Jika secara terus-menerus gelas tersebut dituangi air putih yang bersih dan
segar, lama-kelamaan, air yang berada di gelas akan berubah menjadi air putih.
Sedangkan air kopi yang hitam tadi akan meluber sedikit demi sedikit. Pendapat
penulis tersebut senada dengan kata-kata bijak berikut:
“Tanamkan buah pikiran dan Anda
akan menuai tindakan;
Tanamkan tindakan dan Anda akan
menuai kebiasaan;
Tanamkan kebiasaan dan Anda akan
menuai karakter;
Tanamkan karakter dan Anda akan
menuai keuntungan”
(Charles
Reade)
|
Kata
bijak tersebut menginspirasi penulis dalam menulis buku ini. Karena kedalaman
maknanya, penulis menggunakan kata tersebut sebagai judul buku ini. Memang
benar sekali bahwa karakter bermula dari sebuah kebiasaan. Kebiasaan yang buruk
bisa diubah dengan kebiasaan yang baik. Karakter bukan harga mati yang tidak
bisa diubah lagi. Apabila tidak ada upaya dari diri sendiri untuk memperbaiki
diri, ibaratnya orang yang tidak berkarakter akan terus-menerus menjadi hitam
sebagaimana gelas berisi air hitam tadi. Nah, dalam hal ini penulis membimbing
untuk menuangkan air putih pada gelas berisi air hitam. Penulis membantu untuk menghilangkan sifat
buruk dan memasukkan sifat yang baik pada diri siswa.
Karakter
bukanlah bawaan sejak lahir. Karakter harus dibiasakan mulai dari hal yang
kecil dan dari diri sendiri. Tidak mungkin kita
bisa memperbaiki karakter dan moral masyarakat kecuali dari setiap
individu dari perseorangan termasuk dari diri Anda. Marilah kita latihkan pada diri kita sendiri
kita tanamkan karakter baik pada diri
kita sehingga kita bisa mengispirasi orang-orang yang dekat dengan kita.
Buku ini
disusun dengan menjabarkan
18 karakter sebagaimana harapan Kemendiknas. Penanaman karakter pada diri siswa
melibatkan pikiran bawah sadar. Hal ini
diharapkan bisa mensugesti pikiran dan menanamkan karakter pada diri siswa. Buku
ini ditulis berdasarkan pengalaman penulis sebagai seorang guru SMA yang
memperhatikan permasalahan yang dihadapi siswa berkaitan dengan 18 karakter.

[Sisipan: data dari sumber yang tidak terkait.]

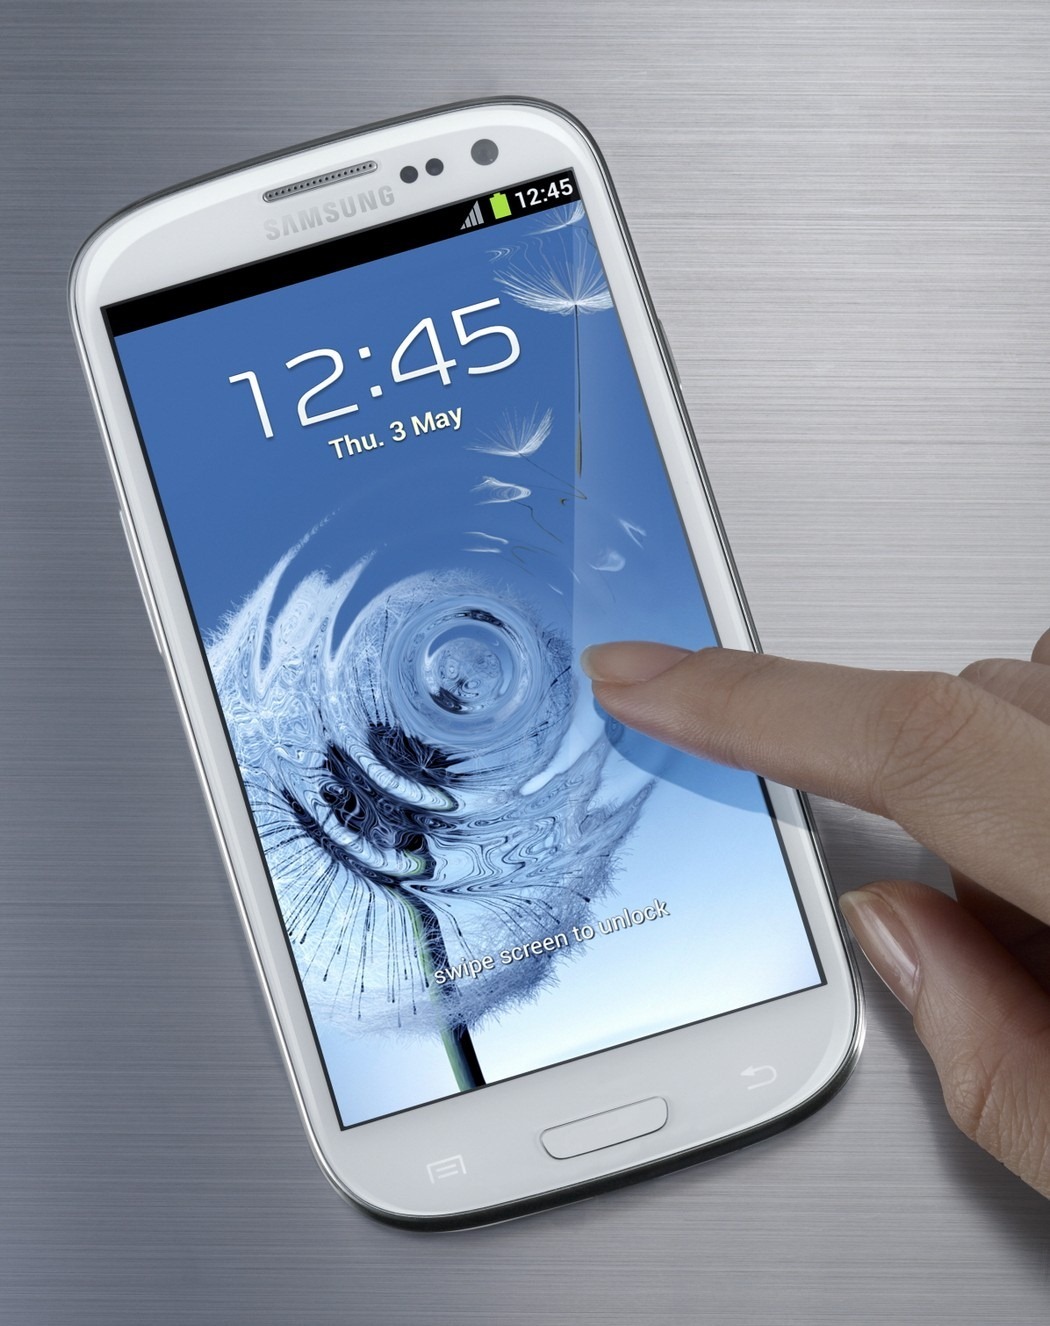 Samsung Galaxy S III, ¿en que precio llegará?
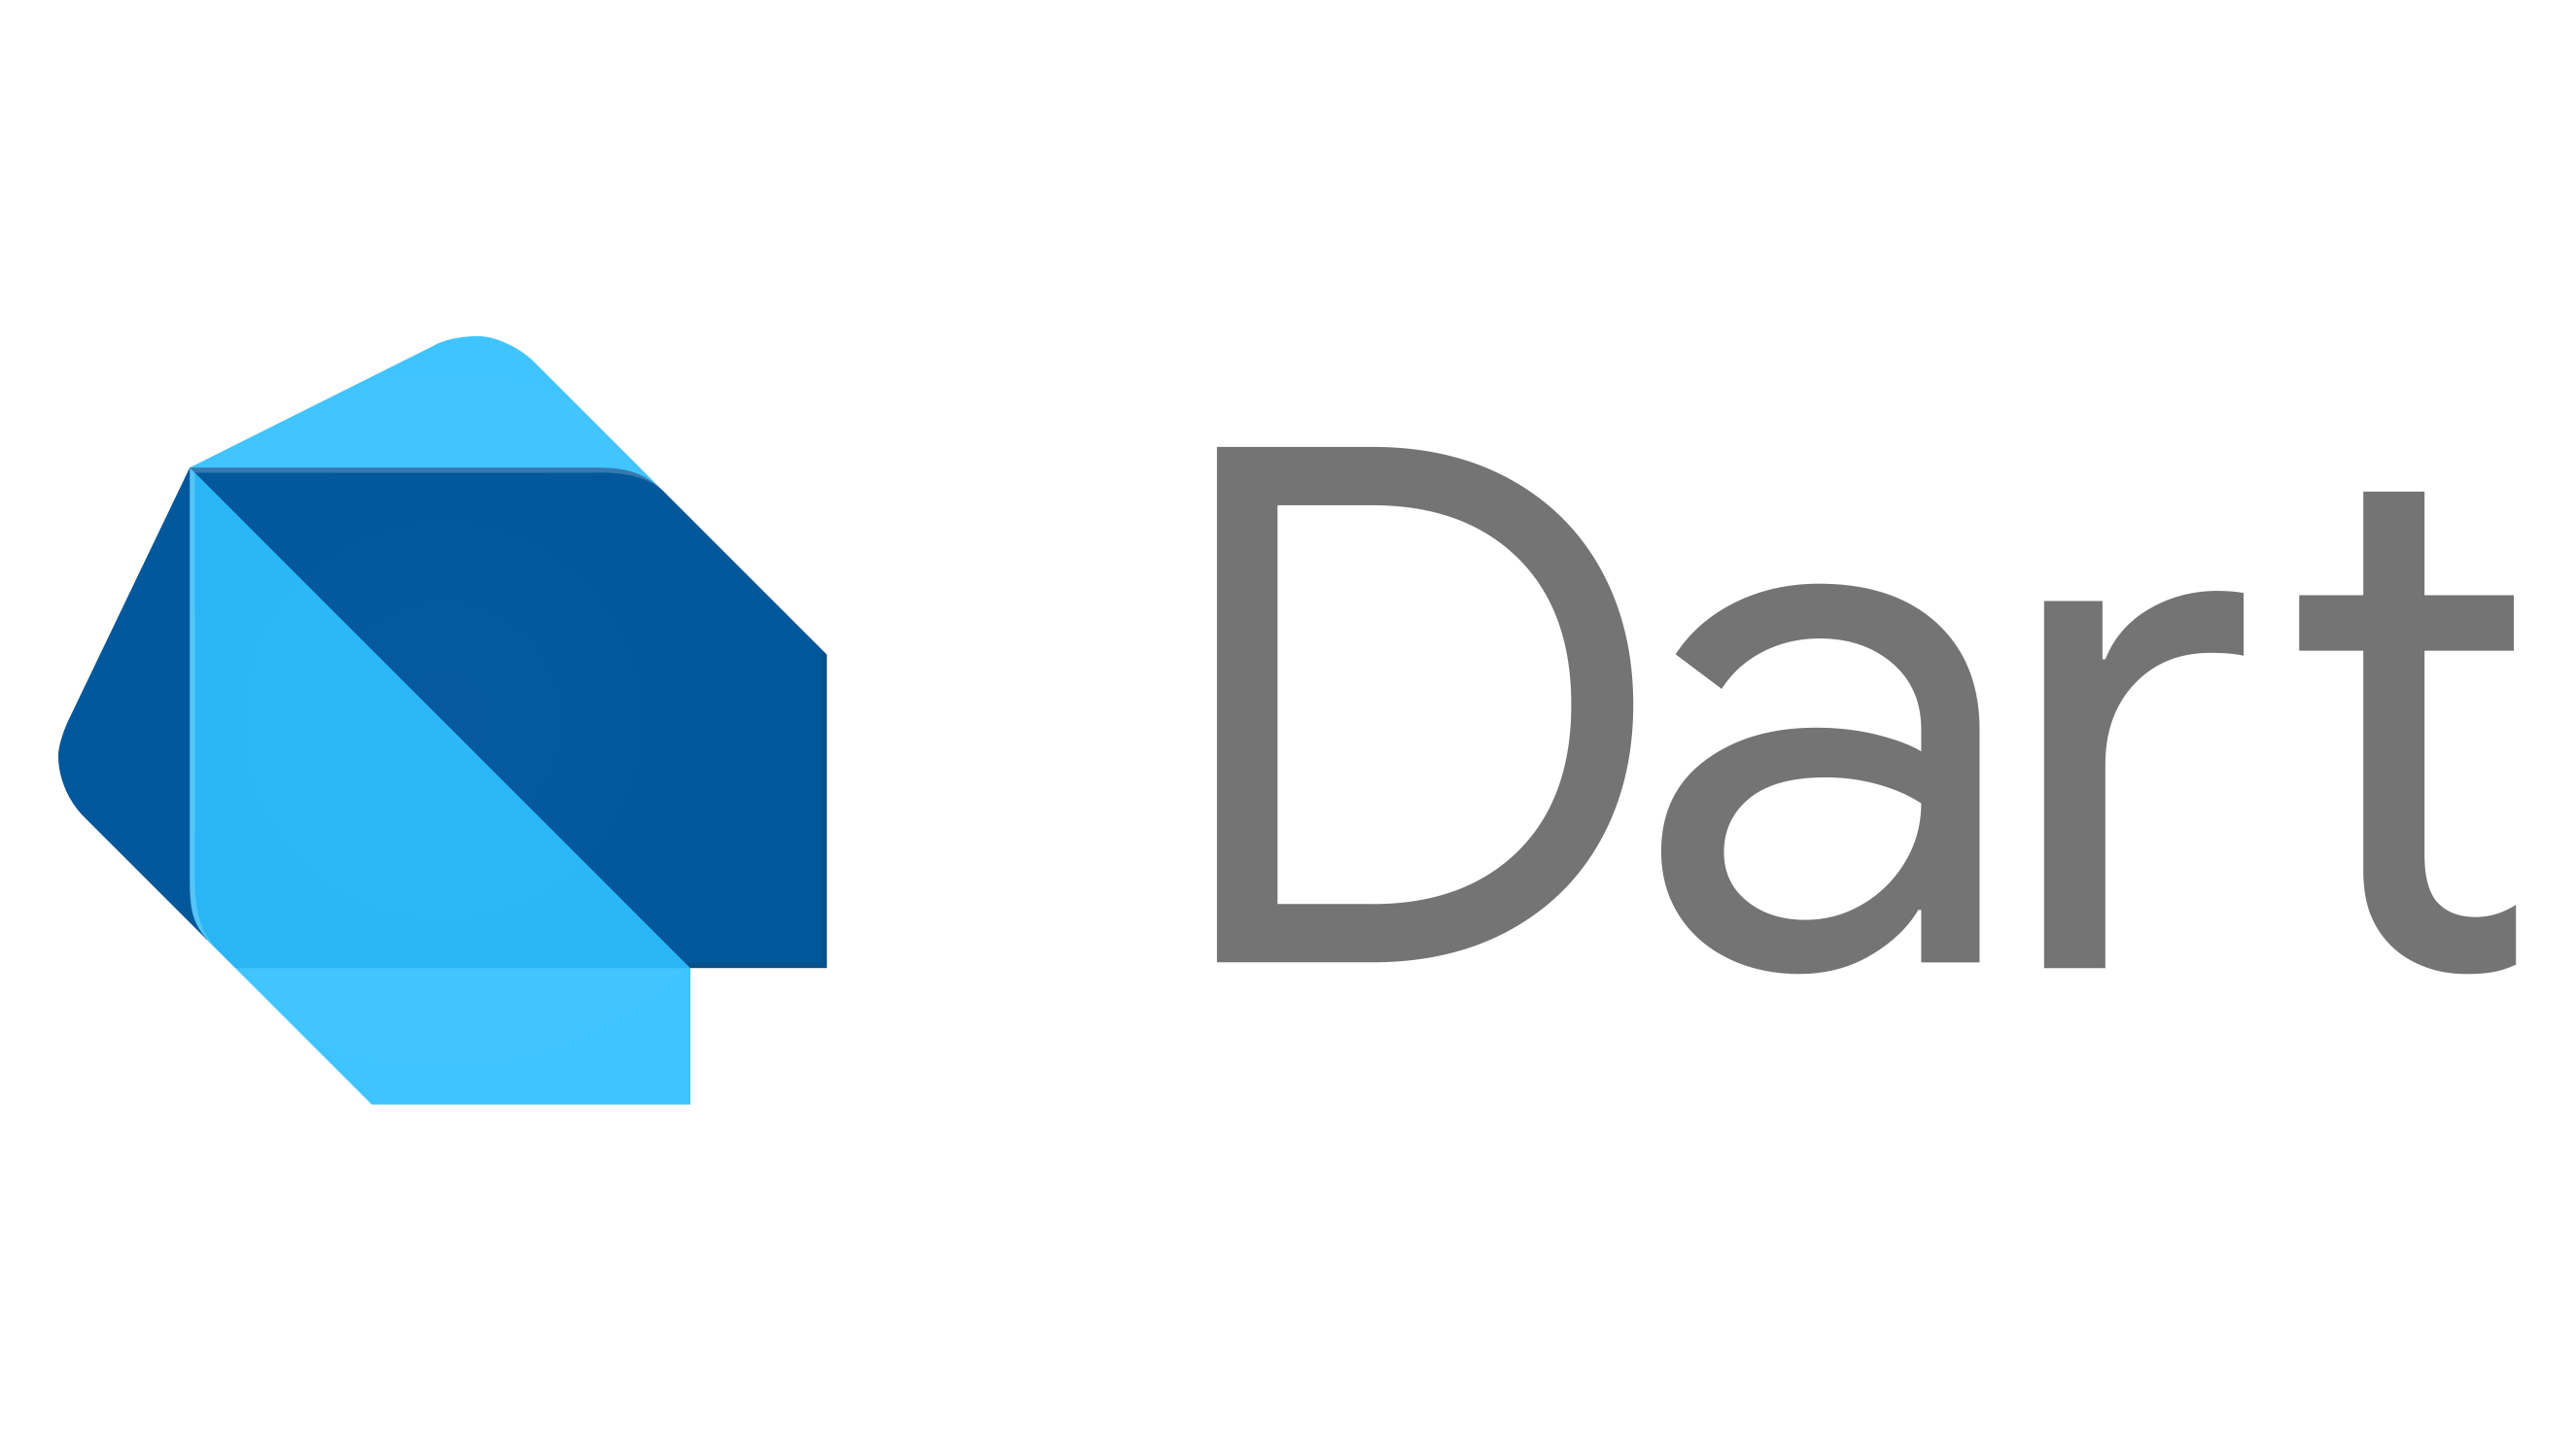 dart-logo-for-shares

Bagian
buku ini mengembangkan nilai, deskripsi dan indikator baik di sekolah maupun di
kelas yang disusun oleh Kementerian Pendidikan Nasional Badan Penelitian Dan Pengembangan Pusat Kurikulum. Ada kata-kata mutiara
di setiap babnya sehingga bisa membuata jiwa semakin kaya. Di akhir setiap bab
ada lembar untuk instropksi diri sehingga siswa tergerak untuk introspeksi diri
lalu tergerak untuk memperbaiki diri. Sebelum membaca buku ini disarankan untuk
mengambil napas panjang, rilek, fokuskan pikiran
dan membaca pelan-pelan sambil memasukkan karakter baik
pada diri pembaca.
Apabila
siswa sendiri telah memiliki kesadaran, maka mereka akan berusaha untuk menjadi
pribadi yang baik dalam pengaruh apapun. Termasuk, dalam keadaan sosial
masyarakat yang tidak kondusif. Semoga buku ini bisa menjadi
buku pegangan untuk para siswa Indonesia.